Szef zespołu Marussia - John Booth - jest przekonany, że bolid jego stajni jest w stanie rywalizować z Caterhamem, co pokazali obaj kierowcy rosyjskiej stajni podczas piątkowych sesji. Timo Glock w drugim treningu przejechał okrążenie o 0,3s szybciej od najszybszego reprezentanta Caterhama - Heikkiego Kovalainena.

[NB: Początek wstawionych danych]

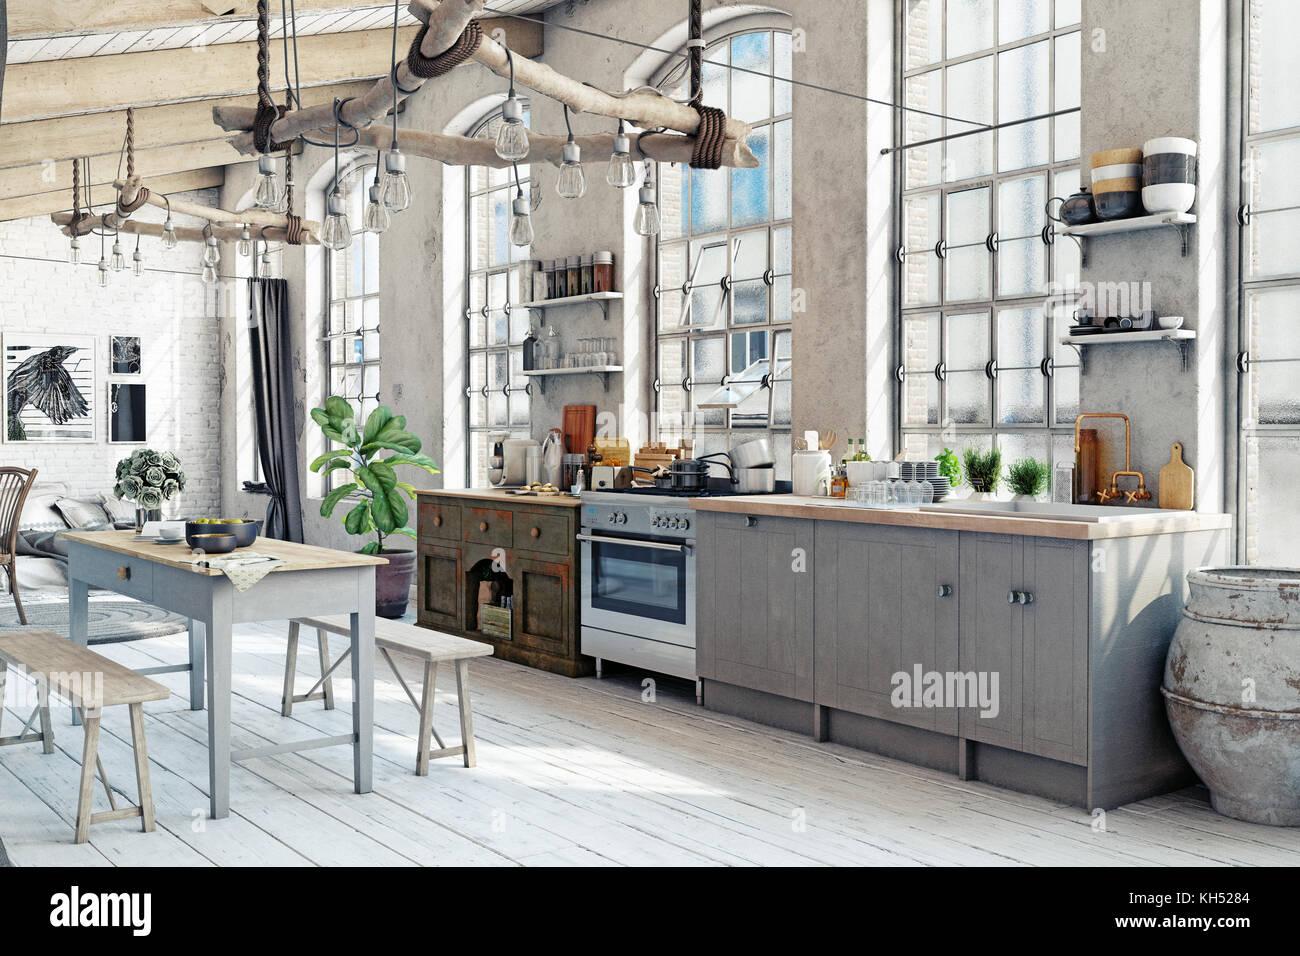 Attic loft kitchen interior. 3d rendering concept - Stock Image

Booth uważa, że pokonanie głównego rywala jest możliwe dzięki zrozumieniu pracy dużego pakietu zmian wprowadzonego podczas Grand Prix Belgii i nawet fakt, że do Singapuru nie przywieźli większych poprawek - poza systemem chłodzenia hamulców i tylnym skrzydłem dającym większy docisk aerodynamiczny - nie przeszkodzi w skutecznej rywalizacji z Kovalainenem i Pietrowem.
Możemy walczyć z Caterhamem. Oczywiście warto zaznaczyć, że Heikki zepsuł swoje najszybsze okrążenie na supermiękkich oponach, więc zapewne może urwać jeszcze 0,3s. Na Spa i Monzy poczuliśmy, że wykonaliśmy krok naprzód, ale tamte specyficzne obiekty nie były dla nas dobre, ze względu na wymagany niski docisk aerodynamiczny.

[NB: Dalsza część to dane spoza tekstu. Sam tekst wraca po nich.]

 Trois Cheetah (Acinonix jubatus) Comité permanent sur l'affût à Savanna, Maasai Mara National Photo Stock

Mimo wszystko, oba poprzednie wyścigi napawały nas optymizmem i mieliśmy nadzieję, że pokażemy się z lepszej strony na torach gdzie wymagana jest duża przyczepność. Od momentu wprowadzenia pakietu wszystko wskazywało na to, że wykonaliśmy progres, więc mieliśmy podstawy do tego aby myśleć pozytywnie.
Szef Marusii dodał także, że pewności siebie dodaje mu fakt, iż w składzie posiada bardzo mocny duet kierowców. W 2009 roku, Glock zajął w Singapurze drugie miejsce w swoim ostatnim starcie dla Toyoty. Charles Pic również wywiera wrażenie na Boothie. Francuz zakończył drugą sesję treningową ponad 0,6s za Niemcem.
Charles wykonał świetną pracę. Jak na pierwszy start tutaj, jest bardzo blisko Timo. Uważam, że ponownie będziemy mieli tylko dwóch rywali. To sprawia, że wszystko jest dużo prostsze.